Мы поднялись по лестнице, позвонили. Дверь открыл Свен. Он распростер руки, будто собирался обнять меня. Но оказалось, это был все тот же жест сожаления и безнадежности, хорошо мне знакомый.

– Кофе закончился. Горячего шоколада хочешь?

В гостиной стол был раздвинут и празднично накрыт. Среди гостей были родители Свена, любимая учительница Юлии из начальных классов, сосед с двумя детьми, одноклассники. Из Западного Берлина, кроме меня и Ханса, пришел еще один славист, коллега Свена по Свободному университету. Дети носились по гостиной, коридорам и детской. Взрослые собрались на балконе, не зная, о чем завести беседу. Славист начал бранить Восток и Запад за то, что все произошло то ли чересчур быстро, то ли чересчур медленно, то ли потребовало лишних жертв, то ли принесенных жертв оказалось недостаточно. Но никто не хотел с ним спорить. Остальные предпочли расхваливать Юлию за то, как она повзрослела, стала подтянутой, рассудительной, отзывчивой.

Когда все уселись за стол, Юлия поднялась с места. Свен вопросительно взглянул на Паулу, та лишь пожала плечами. Юлия произнесла речь. Она поблагодарила за подарки, за то, что все откликнулись на приглашение, юные и взрослые, с Востока и Запада. К сожалению, мол, сейчас не получается встречаться так же часто, как раньше, прежде у людей было больше времени друг для друга. Теперь я вопросительно посмотрел на Паулу.

– Да, – заключила Юлия серьезно и решительно, – все распалось бы, если бы не мы, женщины.
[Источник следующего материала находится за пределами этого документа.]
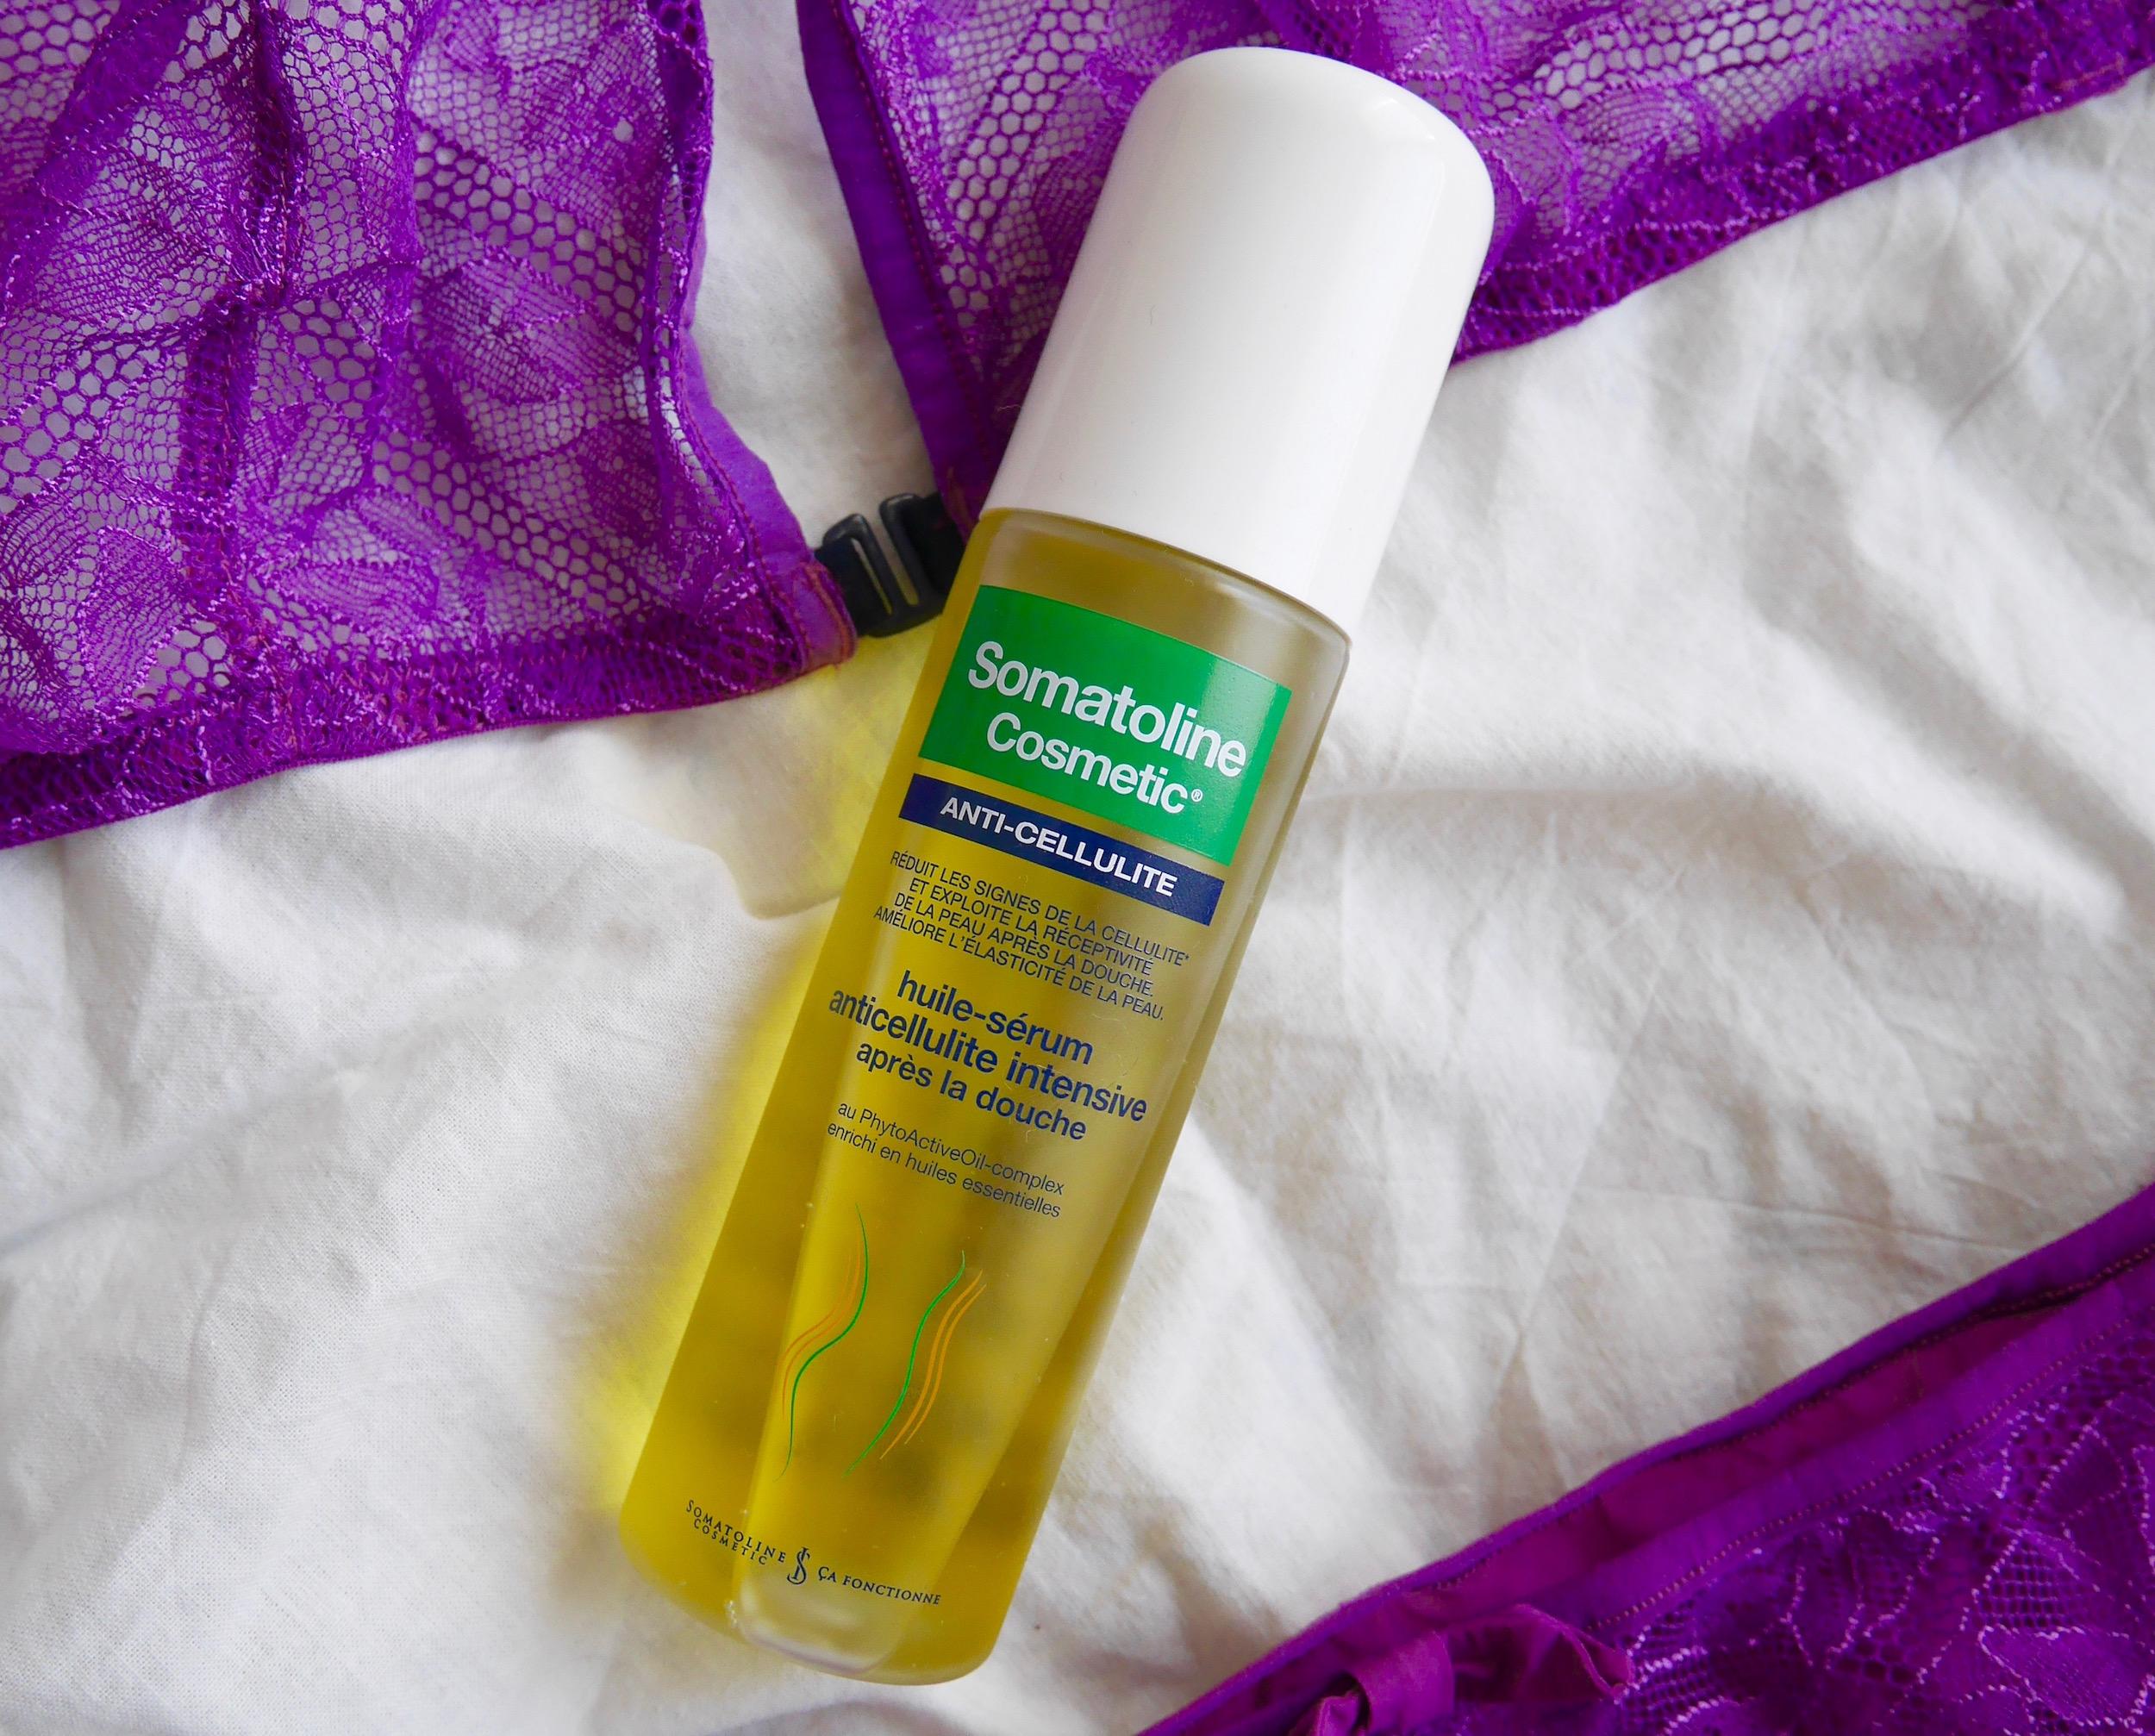 huile serum anti cellulite somatoline

Паула стиснула губы, но глаза ее рассмеялись. Свен потупился. Юлия закончила речь, кто-то захлопал, остальные подхватили, Ханс громко засмеялся, радуясь за Юлию, что дало Свену возможность поднять глаза и улыбнуться, за ним улыбнулась Паула, и мы с ней улыбнулись друг другу.

Сладкий горошек

1

Когда Томас понял, что революции не будет, он вспомнил о своих прежних занятиях архитектурой, прерванных в 1968-м, возобновил обучение и завершил его. Специализировался он на достройке мансард: присматривал крыши, приискивал заказчиков и занимался проектированием, утверждением и надзором. Мансарды были в моде, а Томас делал свое дело хорошо. Через пару лет у него было больше крыш и заказчиков, чем он мог осилить. Но ему стало скучно. Крыши – и что, больше ничего?

Однажды он случайно узнал, что объявили конкурс на мост через Шпрее. Еще когда он был ребенком, на него производило впечатление то достоинство, с которым старый мост в Раштатте опирался своими быками на дно Мурга, та гордость, с которой железный мост в Кельне переносил своими арочными пролетами поезд через Рейн, и та легкость, с которой мост Золотые Ворота летел над морем, так что на его фоне большие корабли становились совсем маленькими. Книга о мостах, полученная в подарок на конфирмацию и много раз перечитанная, стояла на полке в его архитектурном бюро. Он набросал мост с такими хрупкими очертаниями, что пешеходы вступали бы на него с опаской, а автомобилисты автоматически сбрасывали бы скорость и ехали осторожнее. Ибо он не считал само собой разумеющимся, что можно вот так, ни за что ни про что, переправиться с одного берега на другой, а потому и оказавшимся над рекой это не должно было быть самоочевидно.

К своему и всеобщему изумлению, он выиграл вторую премию. Кроме того, его пригласили поучаствовать в конкурсе на мост через Везер. Не бросая бизнеса с крышами, проектировать мост через Везер и участвовать в дальнейших конкурсах – это было уже слишком. И он взял в дело Ютту, которая, еще будучи студенткой, проходила в его бюро практику и как раз получила диплом. Она строила крыши, он строил мосты. Когда она от него забеременела, они поженились. И одновременно въехали в прекрасную квартиру в мансарде, которую их бюро и построило: заказчик заболел и отказался от нее. С балкона открывался вид на Шпрее и Тиргартен, а вдали виднелись рейхстаг и Бранденбургские ворота. Из сада на крыше они смотрели, как на западе садится солнце.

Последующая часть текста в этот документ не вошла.